Work request -> Print nothing except the lines of the listing below from the line with "Bản Sắc Văn Hóa Vùng Ở Việt Nam" to the line with "Tonga Polynesian Bedding", each exactly as written, both ends included.

Task material ->
# # #
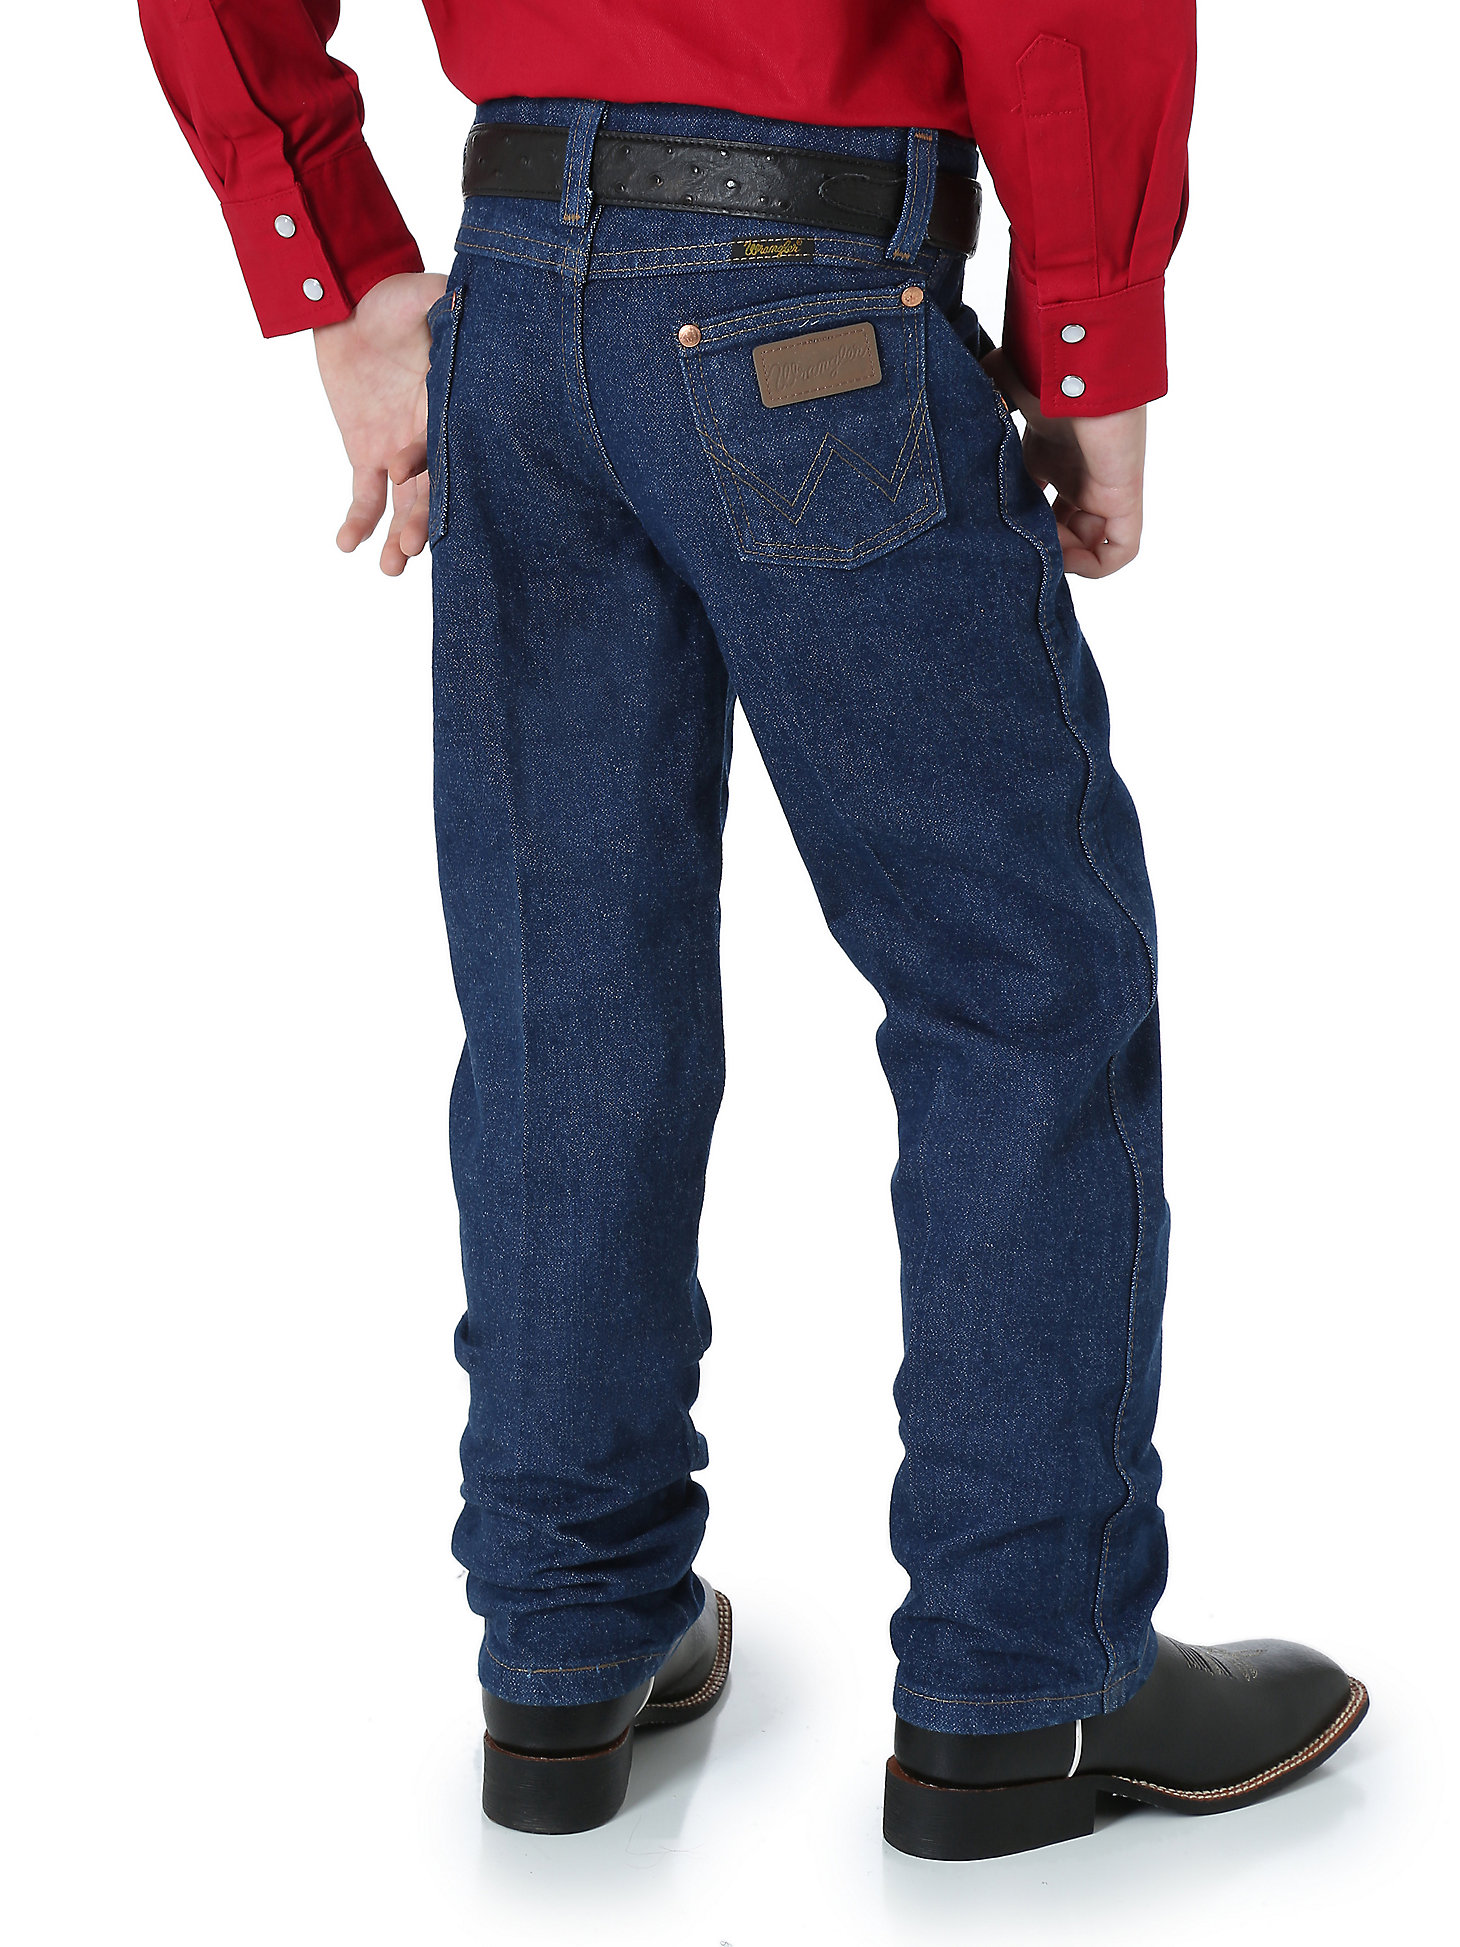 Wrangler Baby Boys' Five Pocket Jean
# # #
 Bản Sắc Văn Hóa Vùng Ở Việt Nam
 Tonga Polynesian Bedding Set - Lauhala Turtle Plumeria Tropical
# # #
Output of the task ->
 Bản Sắc Văn Hóa Vùng Ở Việt Nam
 Tonga Polynesian Bedding Set - Lauhala Turtle Plumeria Tropical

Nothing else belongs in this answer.